Artículo publicado en el periódico Ideal, mayo de 2022
En los primeros meses de la vida, es cuando el niño conoce el
bien en la familia en donde todo se recibe y en general, los niños, se
impregnan del amor de sus padres. El amor es conocido mediante las caricias y
el alimento que le pone contento al niño. Esta recepción del amor es el primer
trato con la felicidad.
A partir de aquí, el niño vive al calor de sus padres,
aprendiendo de ellos el modelo de comportamiento. En su crecimiento va
despegándose naturalmente de ellos y descubre su intimidad y su libertad.
Aparecen dos modos de su naturaleza que son como tallos
nuevos que emergen de la misma raíz y que van a constituir su personalidad.
El problema es entonces cómo debe tratarse su intimidad y su
libertad. Es un problema porque hasta la adolescencia, ha recibido amor y
generosidad, pero con el desarrollo corporal y mental ocurre un modo de ruptura
con el paradigma de la infancia.
Las certezas absolutas de los primeros años se vuelven pura
incertidumbre y se pregunta qué hacer con la intimidad y qué hacer con la
libertad y como conjugar la libertad que se abre al mundo y la intimidad que le
inclina a encerrarse en sí mismo.
Surge entonces el papel de la experiencia vital que, aunque
él lo sepa o no, lo quiera o no, tiene un término cierto en la estructura de la
vida: el matrimonio y con la profesión, la familia y la felicidad.

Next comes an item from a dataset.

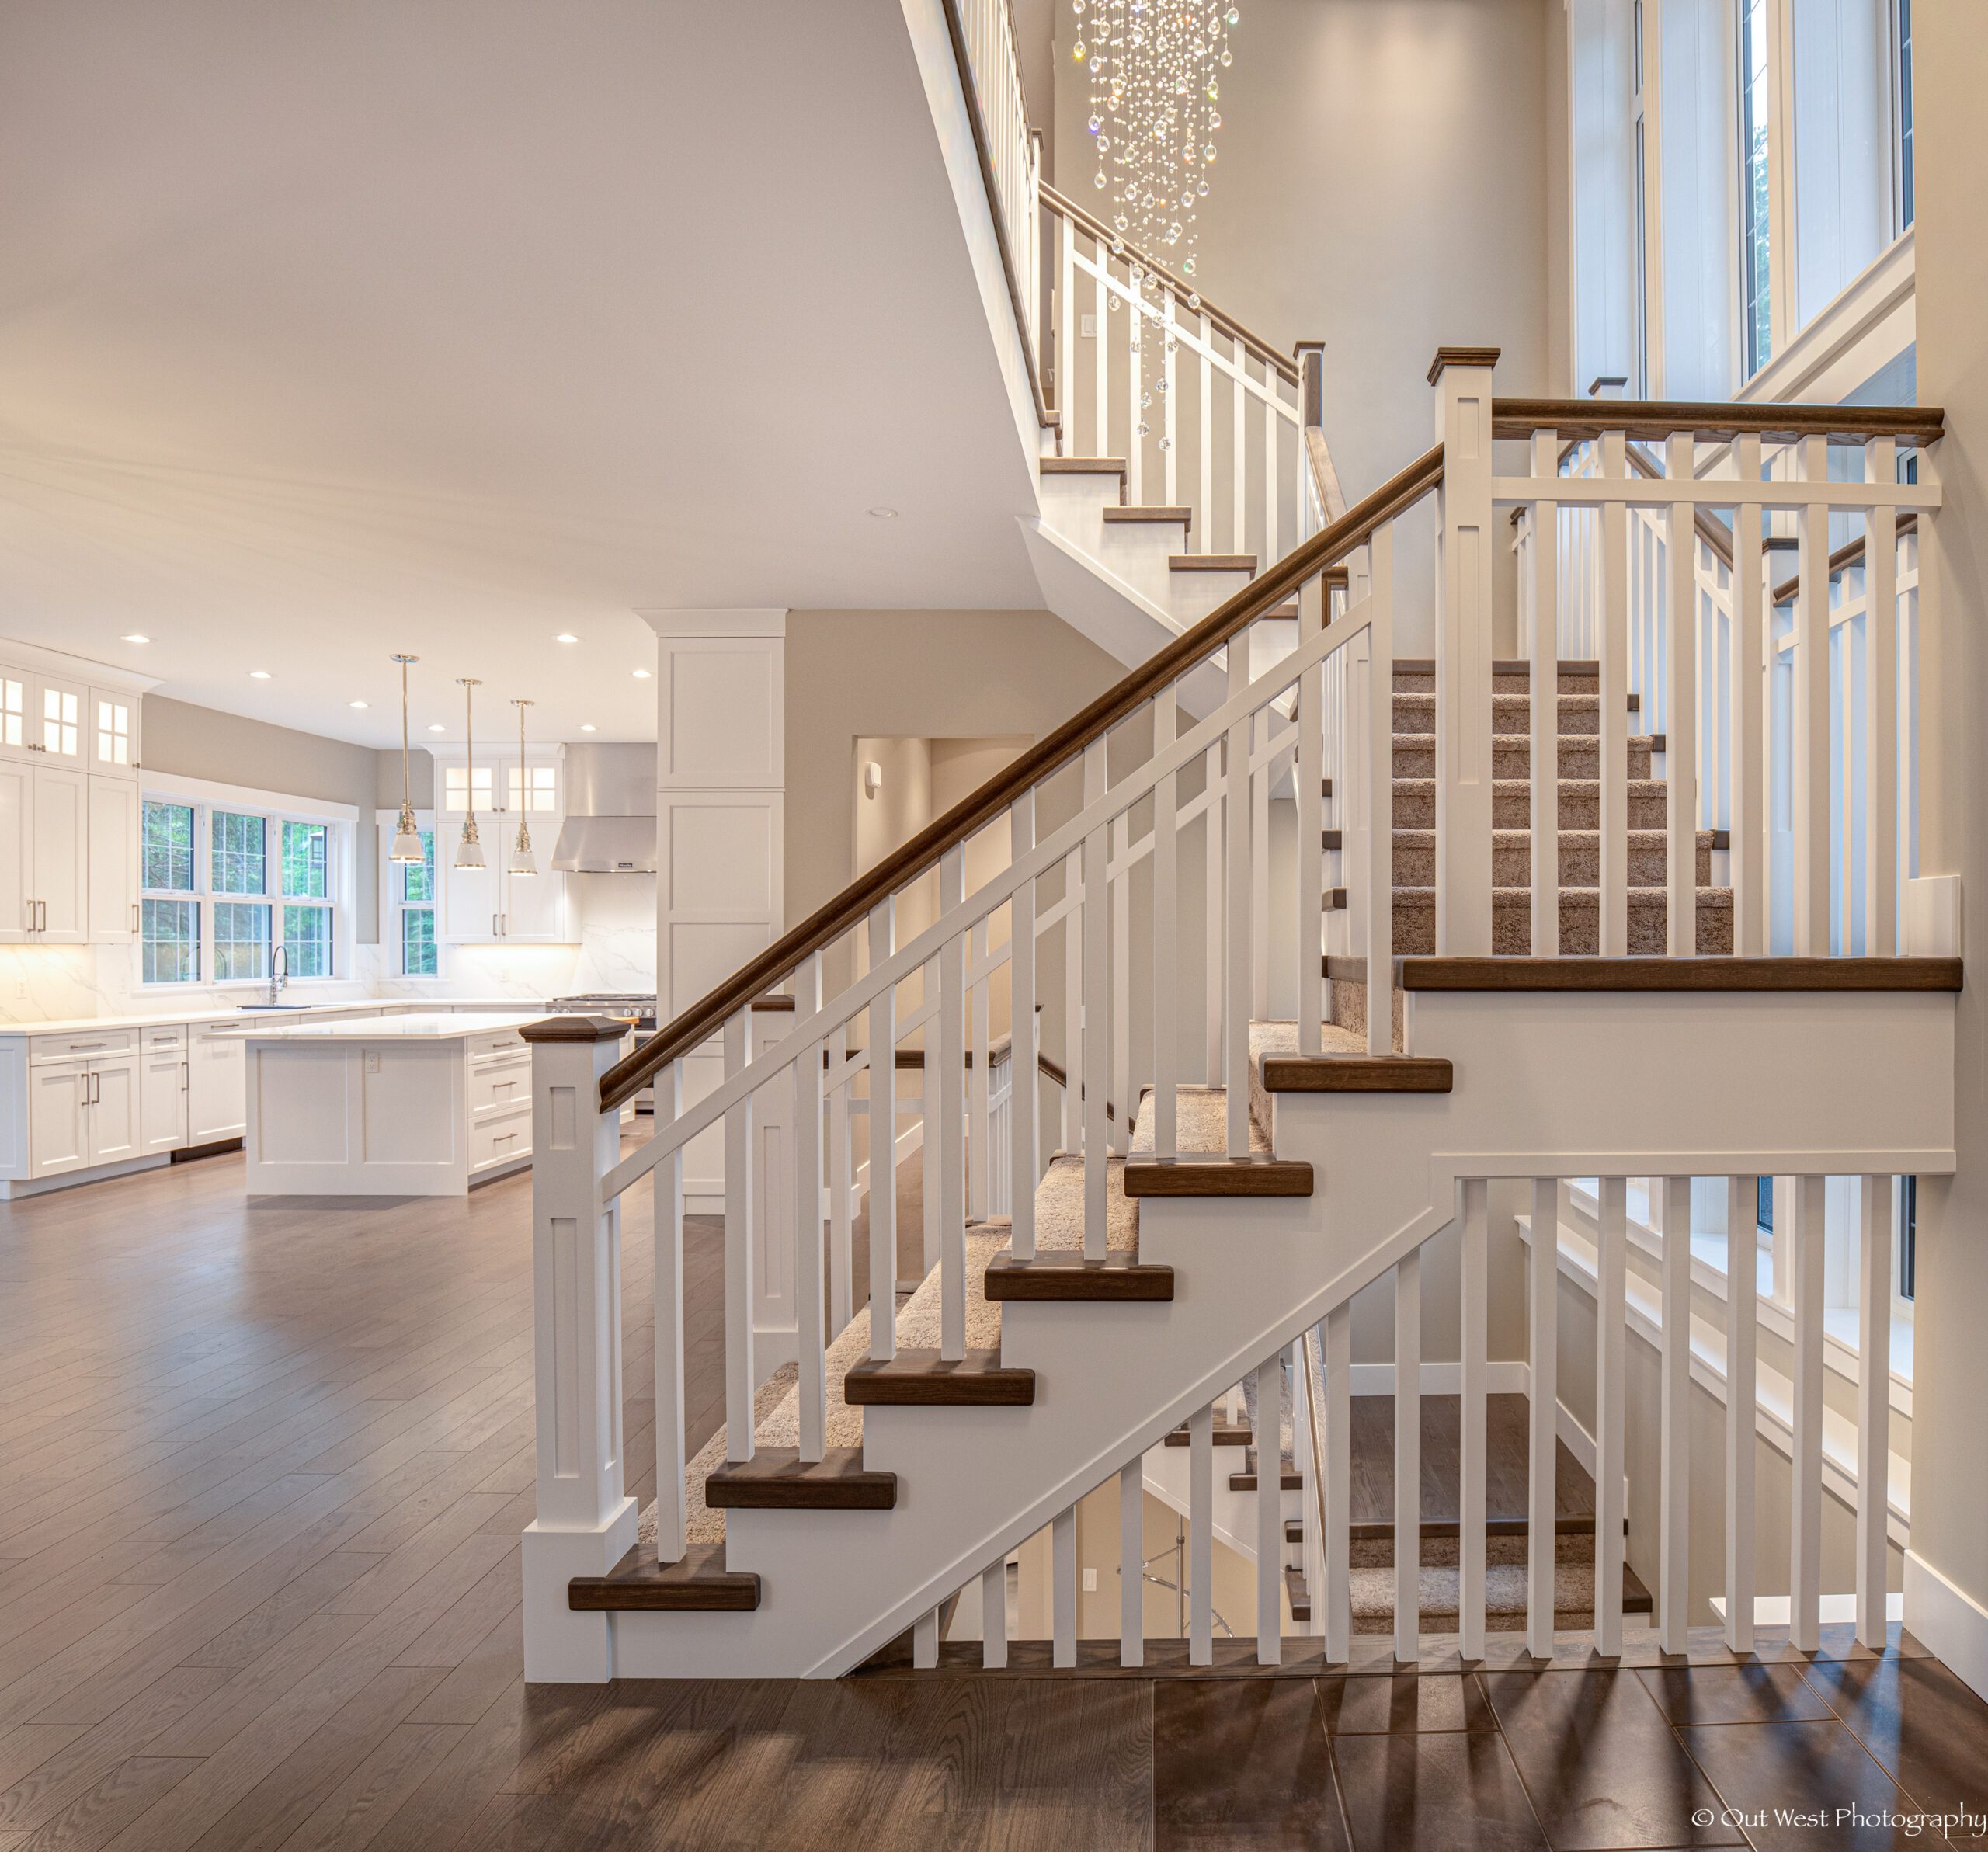 Custom made luxury staircase image by Out West Photography.

El hombre apetece el bien que ha recibido y para el que está
hecho. Eso supone la desgracia de no tener familia siquiera de adopción o de
acogida. No se recibe amor, no se sabe de lo bueno ni siquiera se sabe lo que
es recibir y la alternativa parece entonces no ser sino alguien al que se le ha
negado injustamente el amor.
Ante la injusticia de
su situación es probable que su pasión dominante sea el odio.
Sabemos por experiencia que esa situación, cada vez más
común, puede reconducirse precisamente por el amor que recibirá de otras
personas, especialmente cuando encuentre la mujer que ama y empiece de nuevo la
aproximación a la felicidad.
Cuando en el ambiente y en los medios, términos como verdad,
felicidad y bien, cuando los valores-Max Scheler- se sustituyen por las cosas,
el estado del bienestar oscurece la memoria. El presente, yugula las preguntas
por el por qué y el para qué.
Entonces todo lo apetecible, lo que da “vida”, lo encuentras
en Internet. Uno se alimenta de cosas, imágenes y sonidos que, en su natural
fugacidad, requieren cambios constantes. Es la rebelión del presente contra la
historia, del autoconsumo, sobre el servicio a los demás.

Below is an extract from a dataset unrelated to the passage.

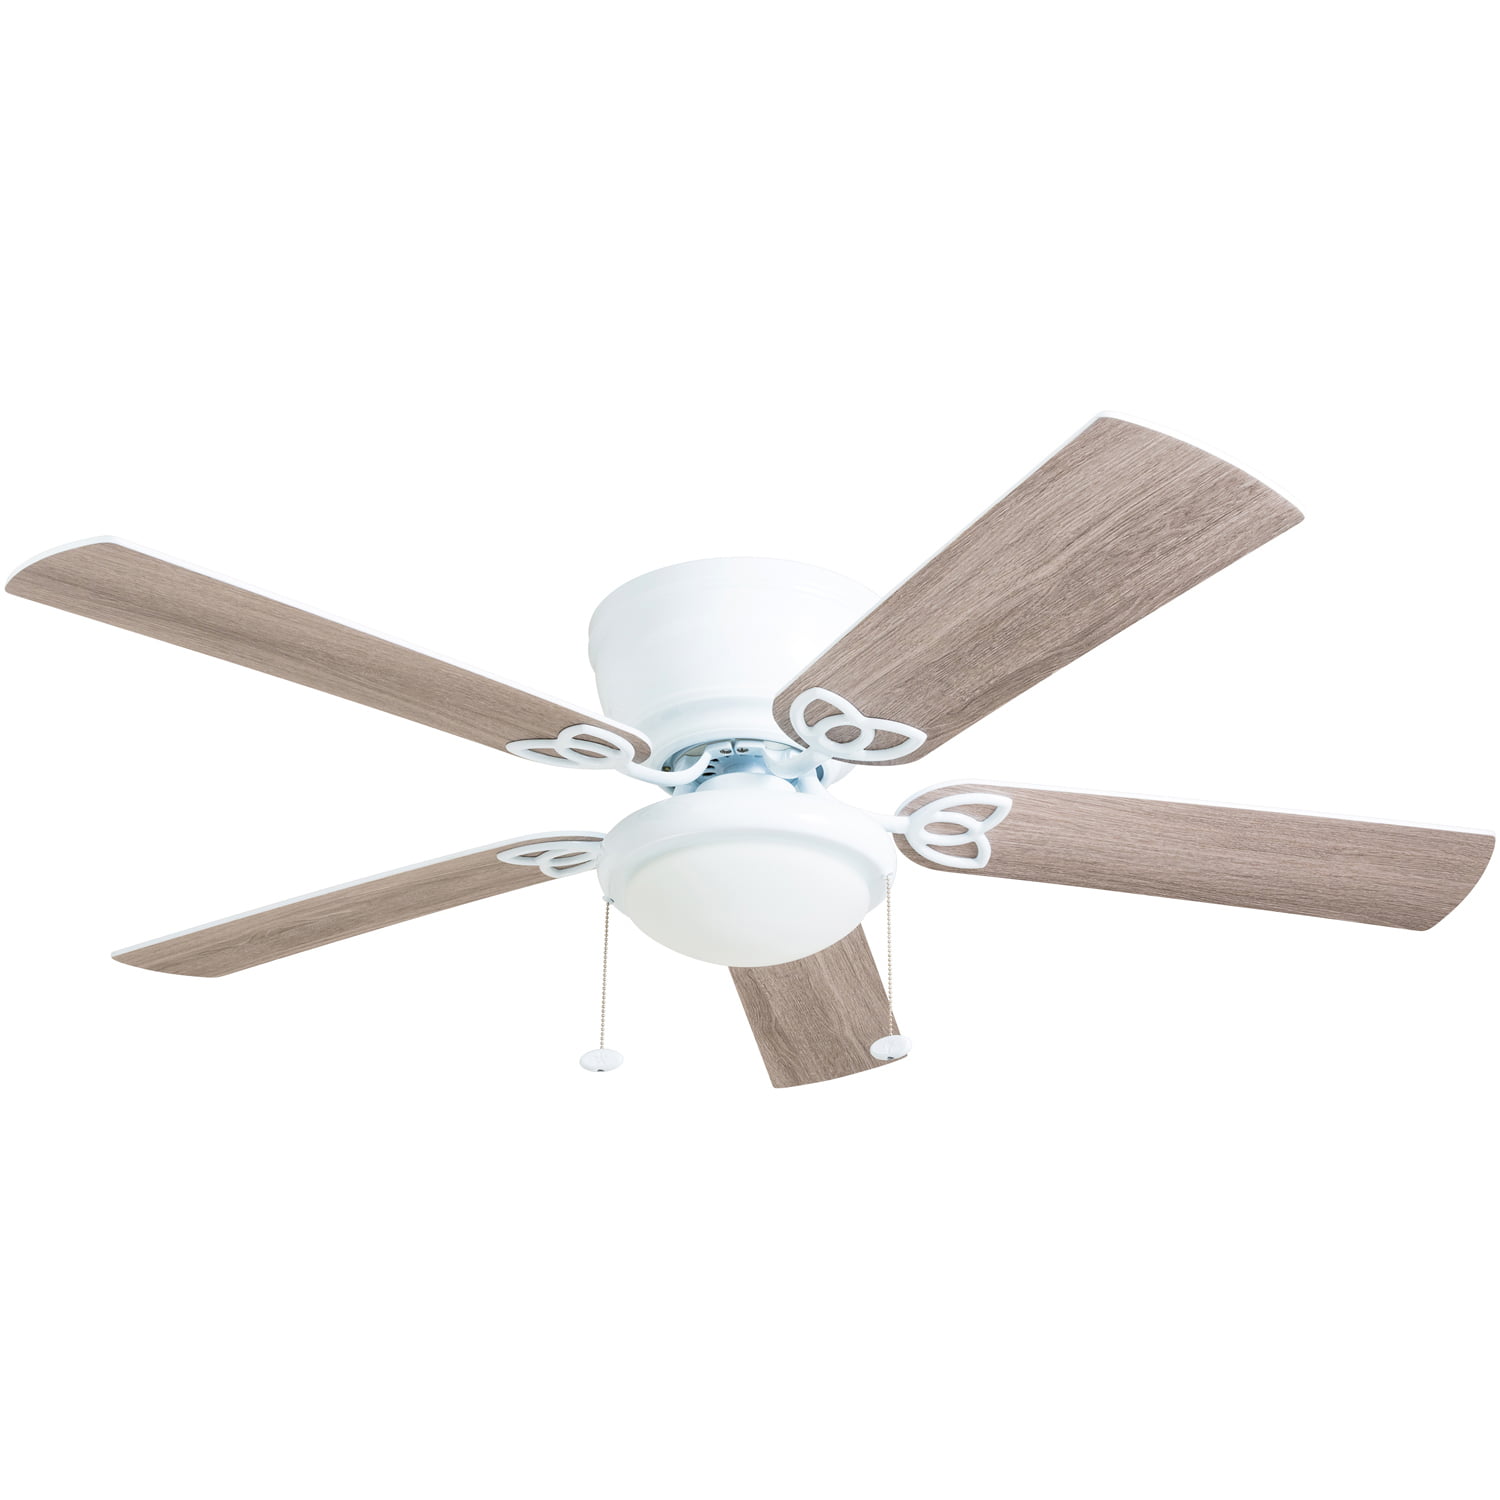 5 Blade Indoor Ceiling Fan With Light, 52 White Ceiling Fan

Aquel “pensar en el día de mañana” o ser “un hombre de
provecho” que nos decían las madres, no resuenan en la conciencia porque cada
vez hay menos madres y los niños son menos niños.
Parece obvio donde está la raíz de esa laxitud de la
sociedad, volcada en los paraísos de “fin-de-semana”: la desestructuración de
las familias en todo el Occidente.
Los niños encuentran un clima helado, en aquello que antes
era un hogar. Nadie les dice con cariño donde está el bien, nadie les quiere,
en todo caso los consume como objeto de lujo.
La falta de auténtica familia es la razón de una sociedad
desmoralizada atraída por modelos, éxito y modas, de trampa y de cartón.